“The first duty of Government is the defence of the realm”, reads the Armed Forces Covenant, which may go some way to explain the Tory revolt brewing over Prime Minister David Cameron’s refusal to guarantee defence spending.
The contention is over the arbitrary two percent figure required as a membership requirement for the North Atlantic Treaty Organisation (NATO), a commitment that Cameron only made, and chided others for failing to meet, last year at the NATO summit in Wales. The vanguard of Tory rebels concerned with the defence of the realm is led by retired colonel and member of parliament for safe seat Beckenham, ‘Bob’ Stewart DSO, who has been conducting harrying raids on newspaper and television studios of late to get his message across.
Minded to tend his own resignation over the parlous state of the national defence, Stewart is concerned the fumings of one vocal back bencher will not be enough to catch the attentions of the largely non-service front bench, and he has so called on the top brass to go.

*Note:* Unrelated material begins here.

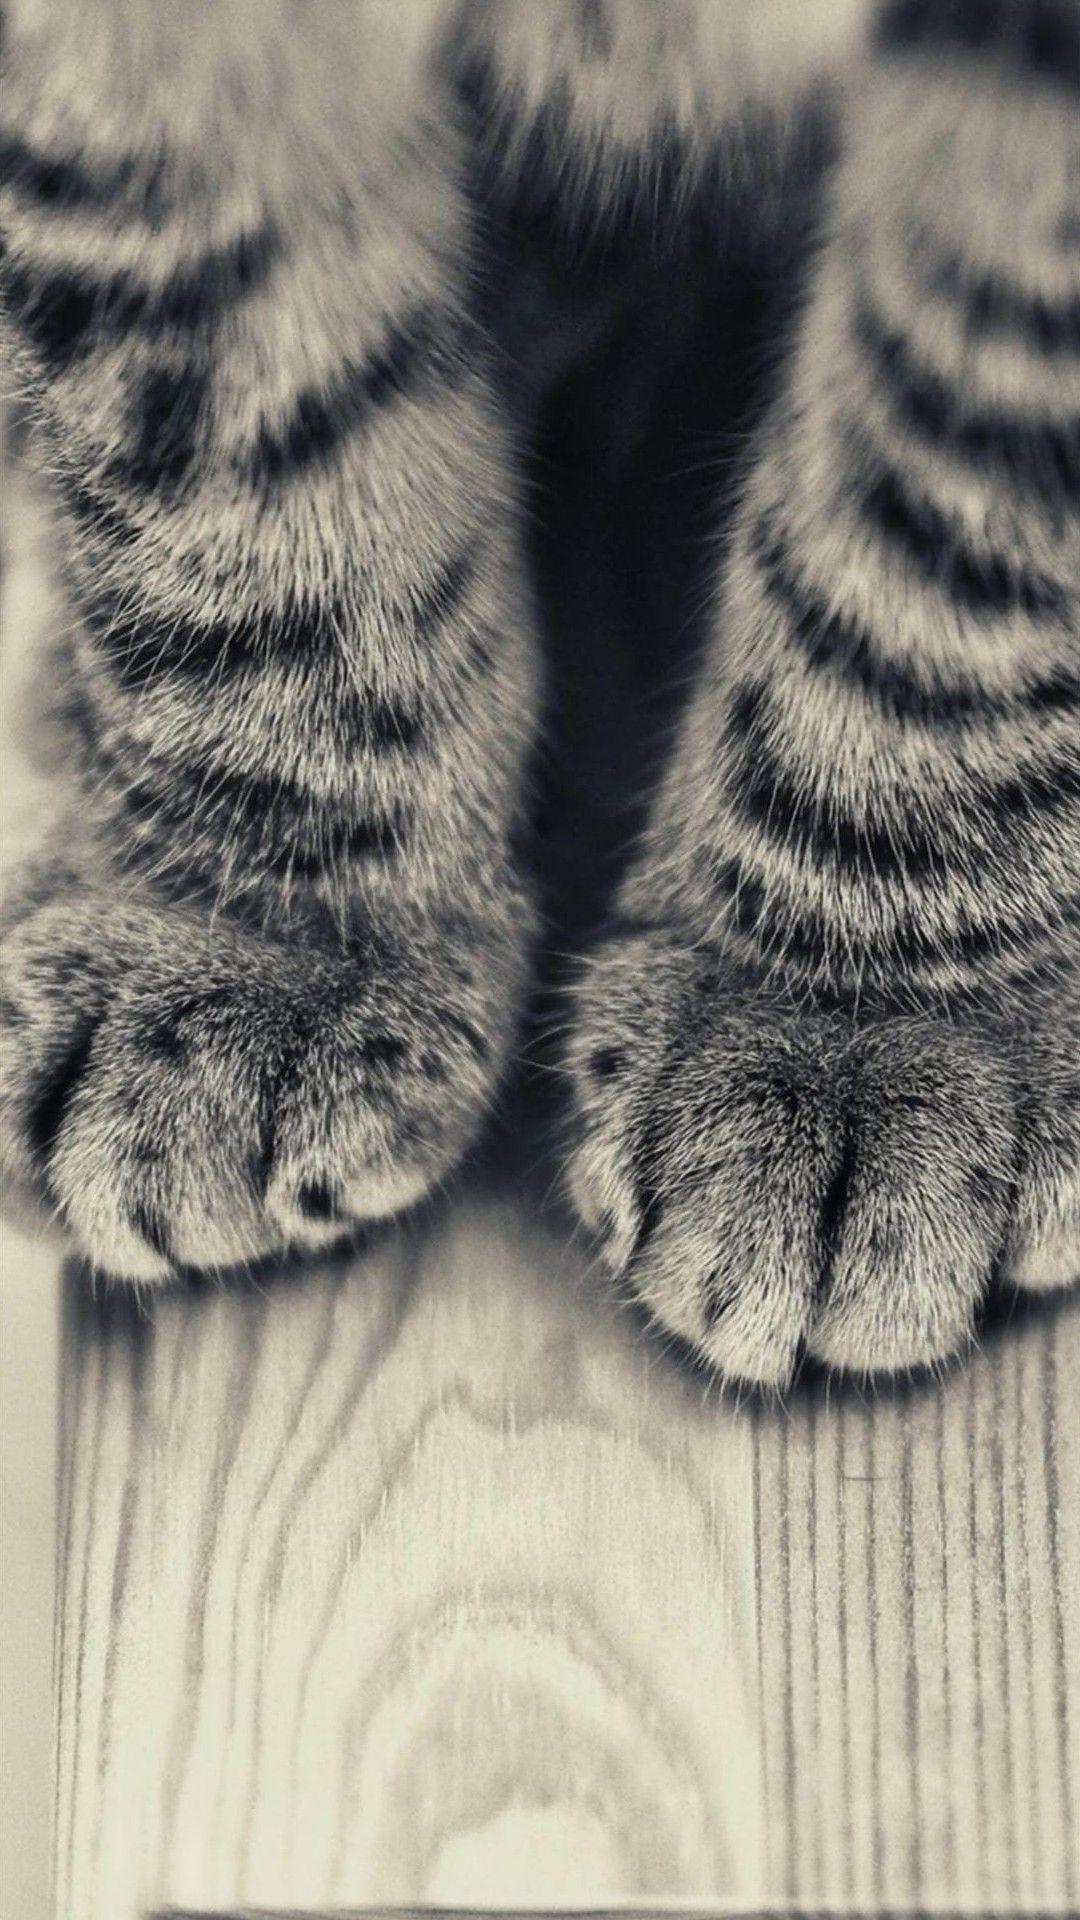 Animal Galaxy S4 Wallpapers Hd 79 Iphone Wallpaper Kitten
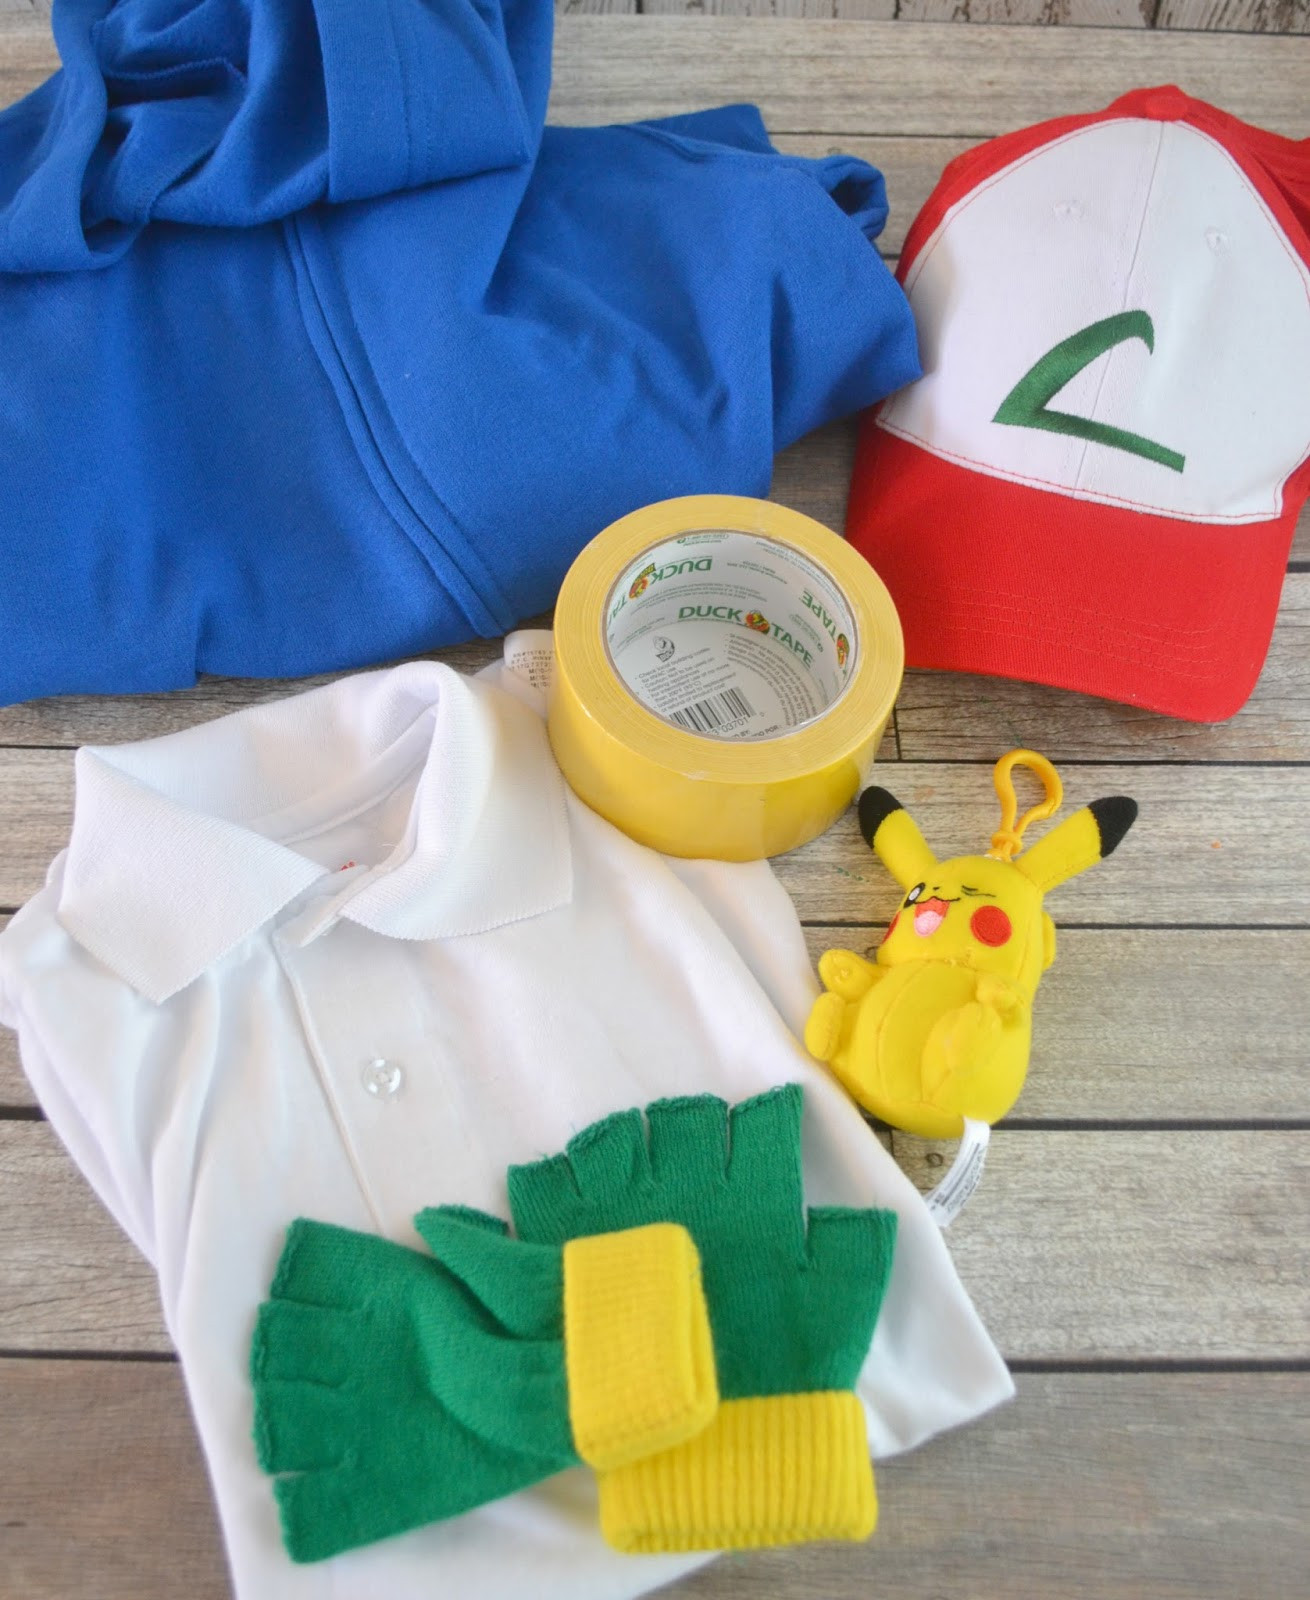 Ash Pokemon Costume DIY  Ash Ketchum Pokemon DIY Halloween Costume

Encouraging the chiefs of staff committee – the body made up of the head of the armed forces, and the heads of the Navy, Army, and Royal Air Force to fall on their swords Stewart said: “Would it not be a seriously good signal if some of the people in uniform were to take their responsibilities towards some of their respective services more properly, and offer their resignation. the public would take notice.
“They should actually put their responsible to their people they command as their priority, rather than getting another star”.
The malcontents led by Colonel Stewart are now threatening a rebellion at next week’s commons defence debate. If they succeed in forcing a vote on the matter, it could create a split in the government, between the traditional Conservative party who see the importance of defending the nation, and the modernisers.
The Daily Mail reports the remarks of Sir Gerald Howarth, Conservative MP for Army garrison town Aldershot, who said of Cameron’s refusal to promise a sustainment of defence spending levels, which are lower now than even the 1930s: “But what they have to understand is that defence is part of the DNA of the Conservative Party. And that’s true even in constituencies which don’t have a garrison.
“And if people around the country do not see that is the case they will ask themselves what is the Conservative Party for?
“We are following through a Lib Dem promise to spend 0.7 per cent on aid but we won’t commit to defence spending. People are asking is this the right order of priorities?”